You don't need to wax it.... NS boards are fine straight out the bag. Have fun


----------



## AngryHugo (Oct 8, 2009)

yeah, that Saucer Wax is pretty nice. might have to track some down.


----------



## songa (Oct 8, 2010)

my new SL needed a waxing after day 1 at killington last week. it was all man made, granular type stuff tho so that couldve made it lose wax faster.


----------



## B.Gilly (Jul 23, 2008)

AngryHugo said:


> yeah, that Saucer Wax is pretty nice. might have to track some down.


Can find it here.
Saucer Wax


----------



## shifty00 (Oct 17, 2010)

Snowolf said:


> With the soft, fluffy pow we all got here in the PNW this week, unwrap that bad boy and go ride. Wax it afterward....:thumbsup:


I hate you guys so much right now...


----------



## BurtonAvenger (Aug 14, 2007)

It's a roll wax it doesn't do shit if you're going to be anal about waxing go hot wax it.


----------



## MistahTaki (Apr 24, 2010)

BurtonAvenger said:


> It's a roll wax it doesn't do shit if you're going to be anal about waxing go hot wax it.
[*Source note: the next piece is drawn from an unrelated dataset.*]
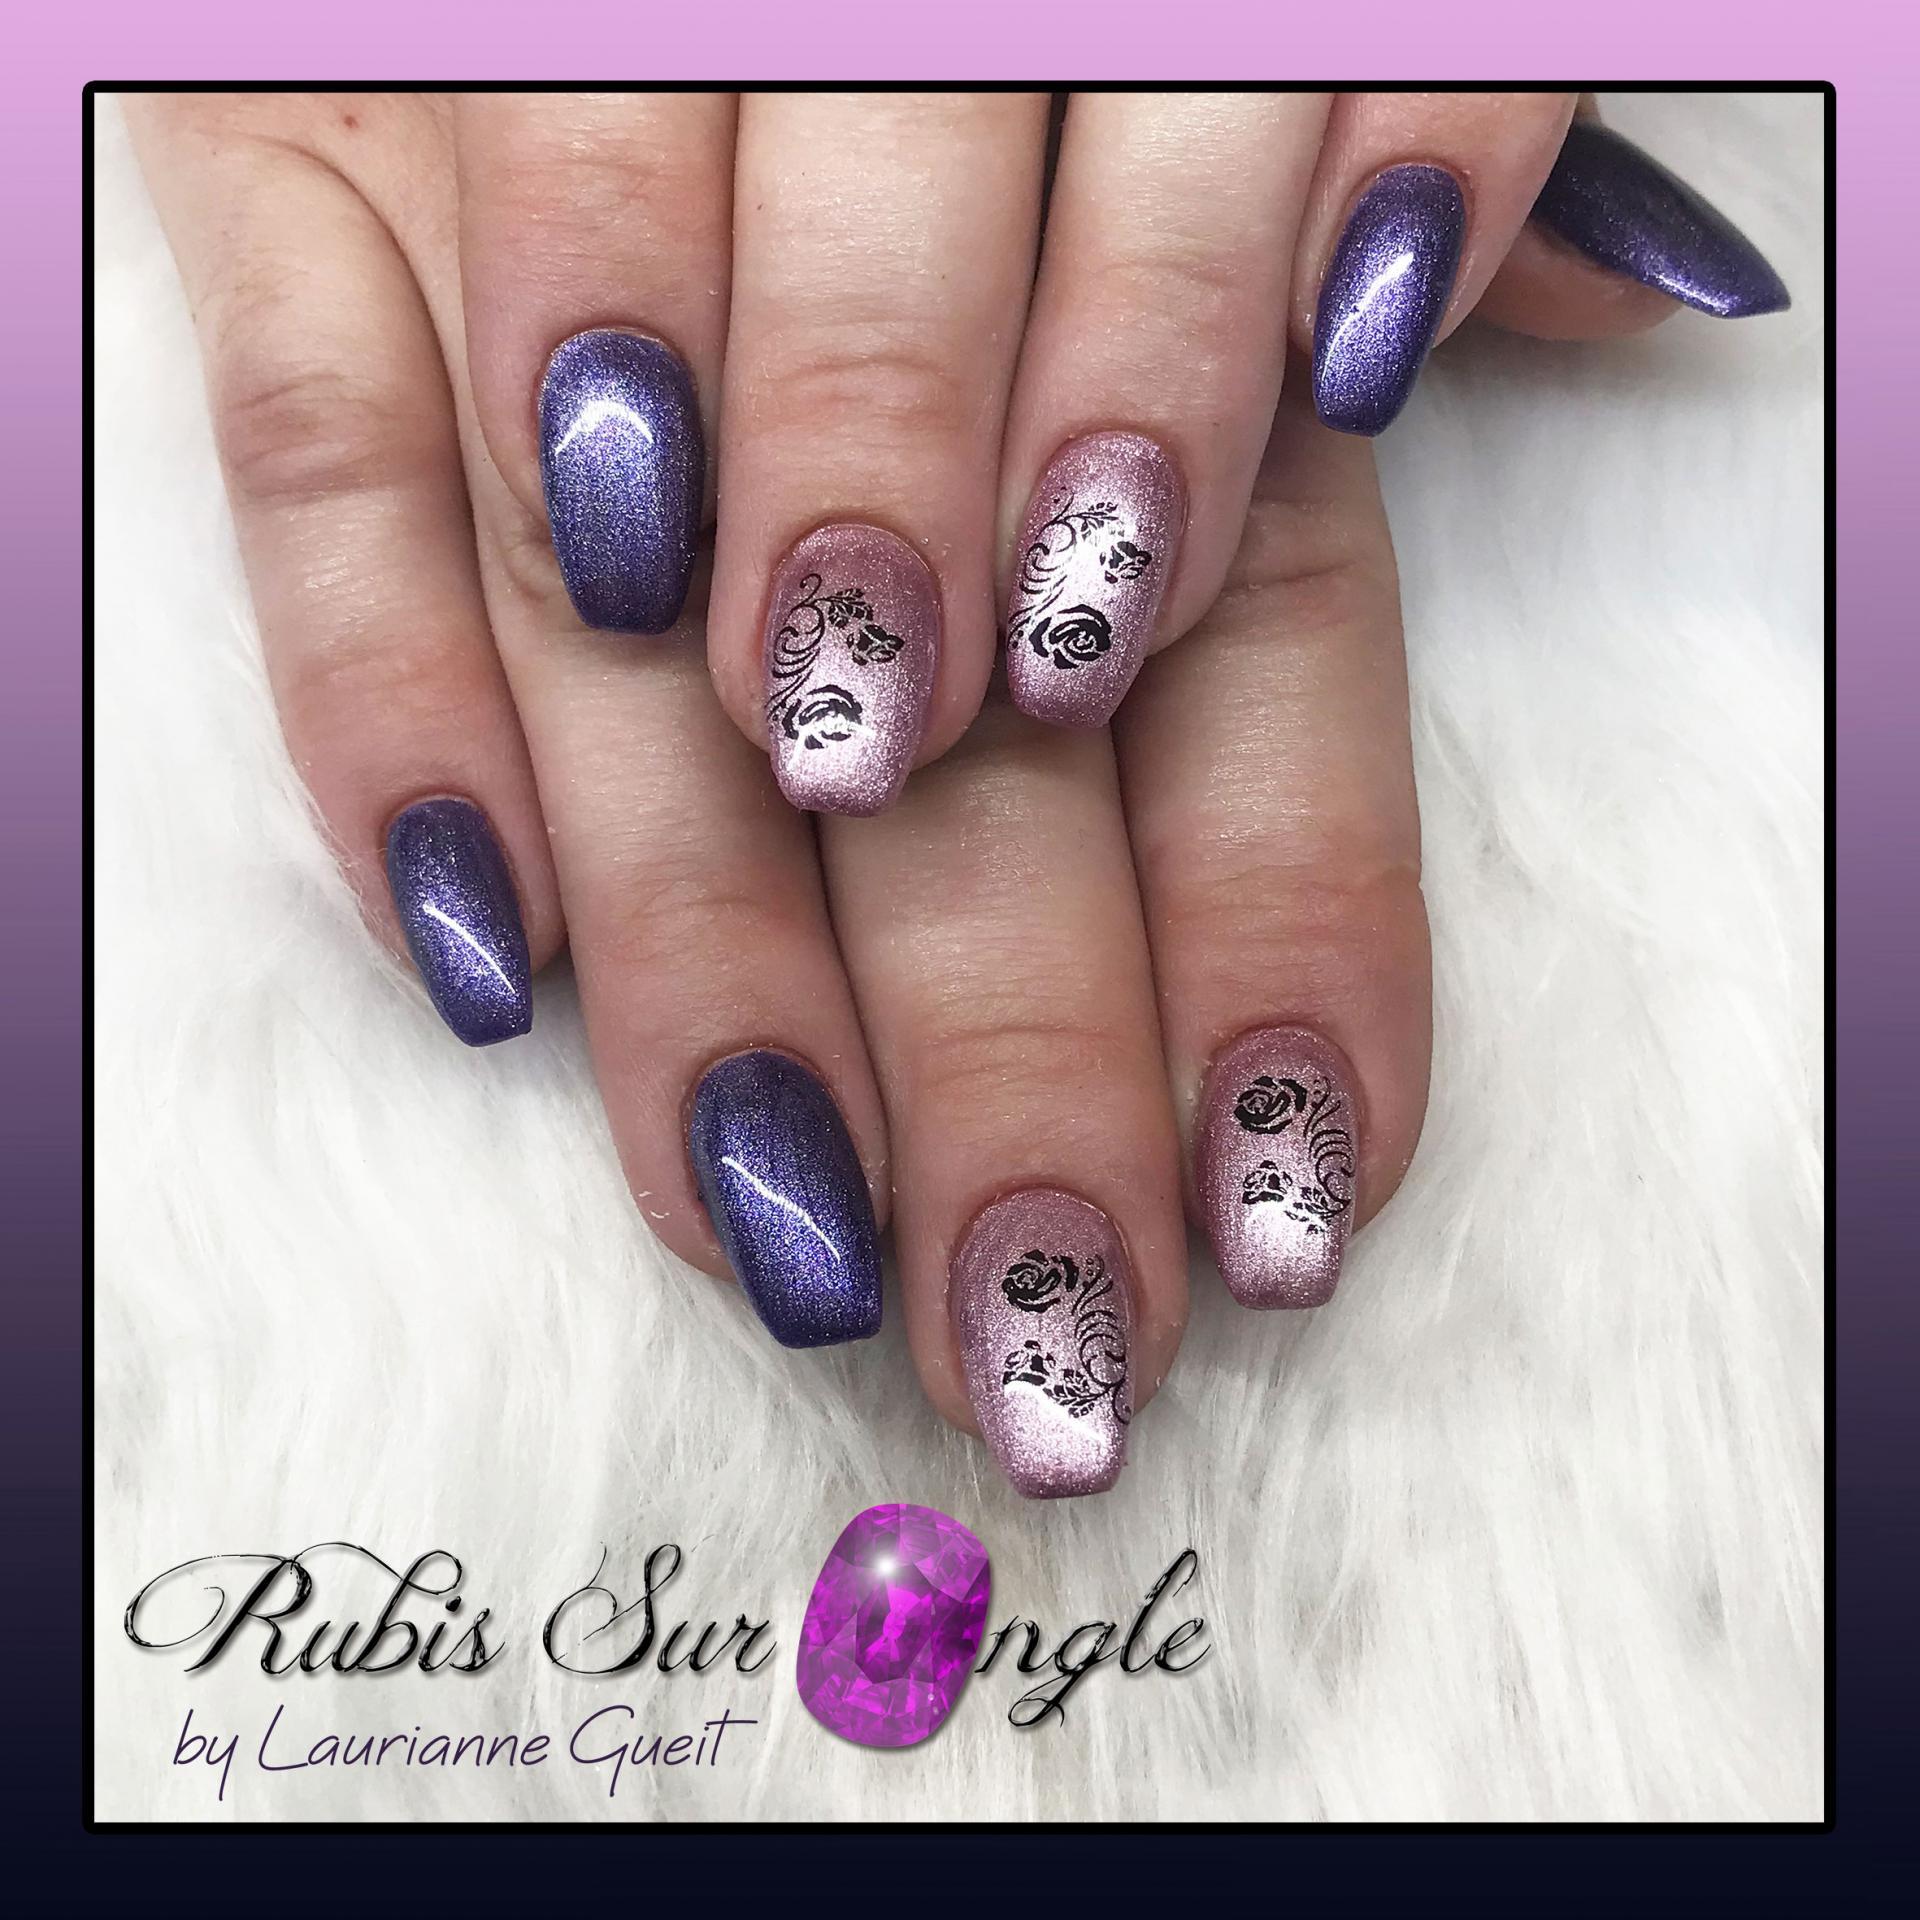 Rubis Sur Ongle Manucure Violet

someone didnt get enough hugs when they were little.


----------



## Xelorz (Nov 4, 2010)

MistahTaki said:


> someone didnt get enough hugs when they were little.


Daddy always said beating my ass with a stick is a better type of love then hugs.


----------



## MistahTaki (Apr 24, 2010)

Xelorz said:


> Daddy always said beating my ass with a stick is a better type of love then hugs.


that might be his case


----------



## BurtonAvenger (Aug 14, 2007)

And someone doesn't know the difference between factory wax and a hot wax, must suck being you.


----------



## MistahTaki (Apr 24, 2010)

BurtonAvenger said:


> And someone doesn't know the difference between factory wax and a hot wax, must suck being you.


....... :laugh: :laugh:

what are you saying?


----------



## legallyillegal (Oct 6, 2008)




----------



## MistahTaki (Apr 24, 2010)

legallyillegal said:


>


OMG! there it is again.


----------



## Triple8Sol (Nov 24, 2008)

My opinion is that any new board should be waxed before seeing snow. I also realize that most people don't care of their gear as well as I tend to. I hope you didn't take your brand new board though! I debated taking my new Heritage, but ended taking the rock board again. Glad I did because I definitely hit some rocks each time I made the mistake of ducking into the trees.


----------